Thursday, February 12, 2009

I have very few fond memories of my high school years. Belle & I had fun in our Senior Year, but that is just a small part of that year and doesn't compensate for my near-suicidal first 3 years.
It took me several years to work myself up to actually feel as happy and confident as I had always tried to project myself as.

I am happy now but - and maybe I need counseling or some sort of hypnotism - it doesn't take much for me to regress to that ugly, insecure shell of a girl I once was.

So, for that reason, I have GOT to get myself off of Facebook.
Not completely.

I did begin to enjoy my self and my life post June 1994. And there are plenty of people that I went to high school with that I had roots with that ran deeper than "we graduated together".
But I plan to go through and get rid of anyone that I feel the slightest bit of self-doubt being "friends" with again. I am also going to delete those that I don't really care about (and likely don't care about me - you know the ones - you're only friends because your friends are friends with their friends...)
I have a few that I probably should delete, because things went badly in the end (as they often do when dealing with the drama of being 16) but I won't because the good times were so much better than the bad times were bad.
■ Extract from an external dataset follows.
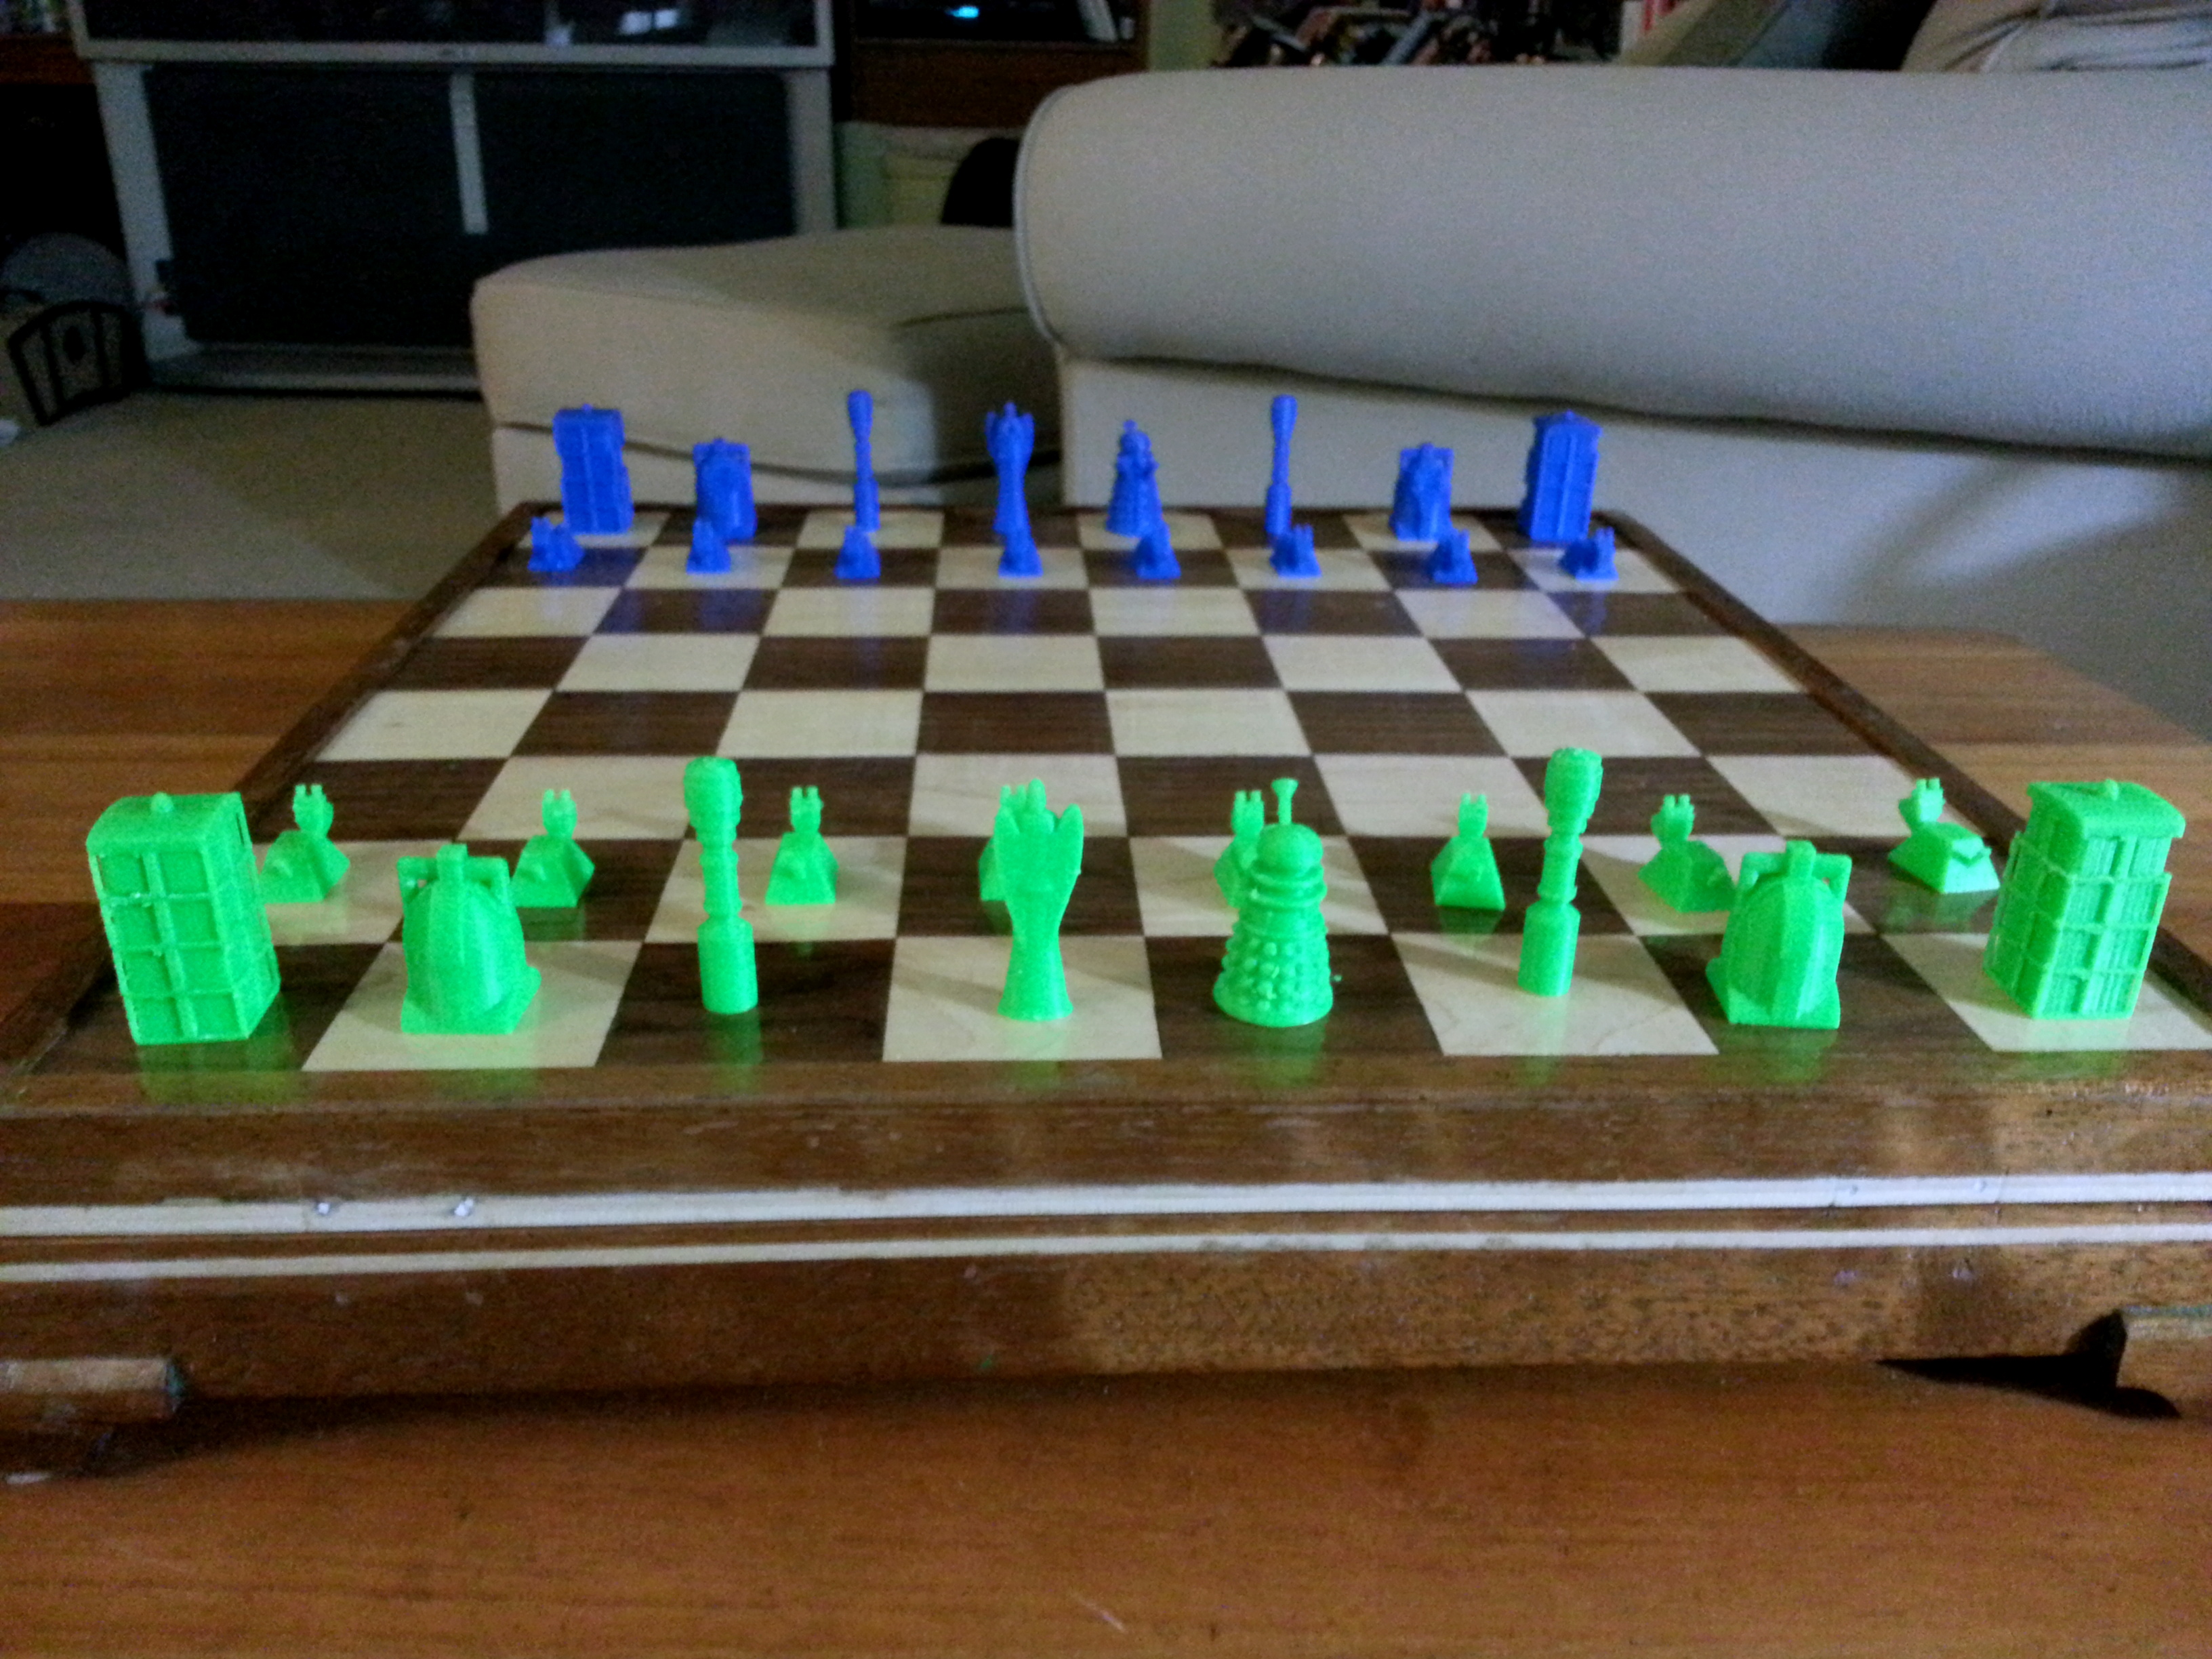 Finished chess set

I am also on the fence about making my Blog private.
It has become somewhat of an intimate journal.
But, if I do that, will I subconsciously tailor how I write to cater to those that I know are reading? Maybe, maybe not. But I know that right now, I write from my heart and with complete, unapologetic honesty.
And I know that I have random, non-commenting, readers that have told me that they read it or have read it and love it. That makes me so happy.
So, for now I will stay public - but I am not allowing anonymous comments anymore. I don't want to be thrown for a loop and sent hurdling back to that fetal position that I spent so many dark years in.

I am focusing on the positive in life. I always do. But it is always a work in progress, ya know?

2 comments:

Gini said...

YOU ARE FREAKING ME OUT TODAY...and I don't even know you really. Good job kicking the "friends" to the curb. When you are feeling vulnerable it is probably a better idea to surround yourself with real friends. Real people that actually give two craps about you and what you are trying to accomplish in life. In moments when you are feeling high and on top of the world - I don't know, maybe that's a better time to let all those others in. Either way, you seem like you know what you have to do. Good luck.

Kim said...

Liz, I love the fact that you are completely, unapologetically honest on your blog. That's one of my favorite things about you.

Don't you love this point in your life when you can decide whether or not to deal with people's nonsense? I say kick those "friends" to the curb.

Great job on the first two days. I'm of the mindset that if you completely deprive yourself of all the things you enjoy, you just end up resentful. All things in moderation, my grandfather always said. Smart man.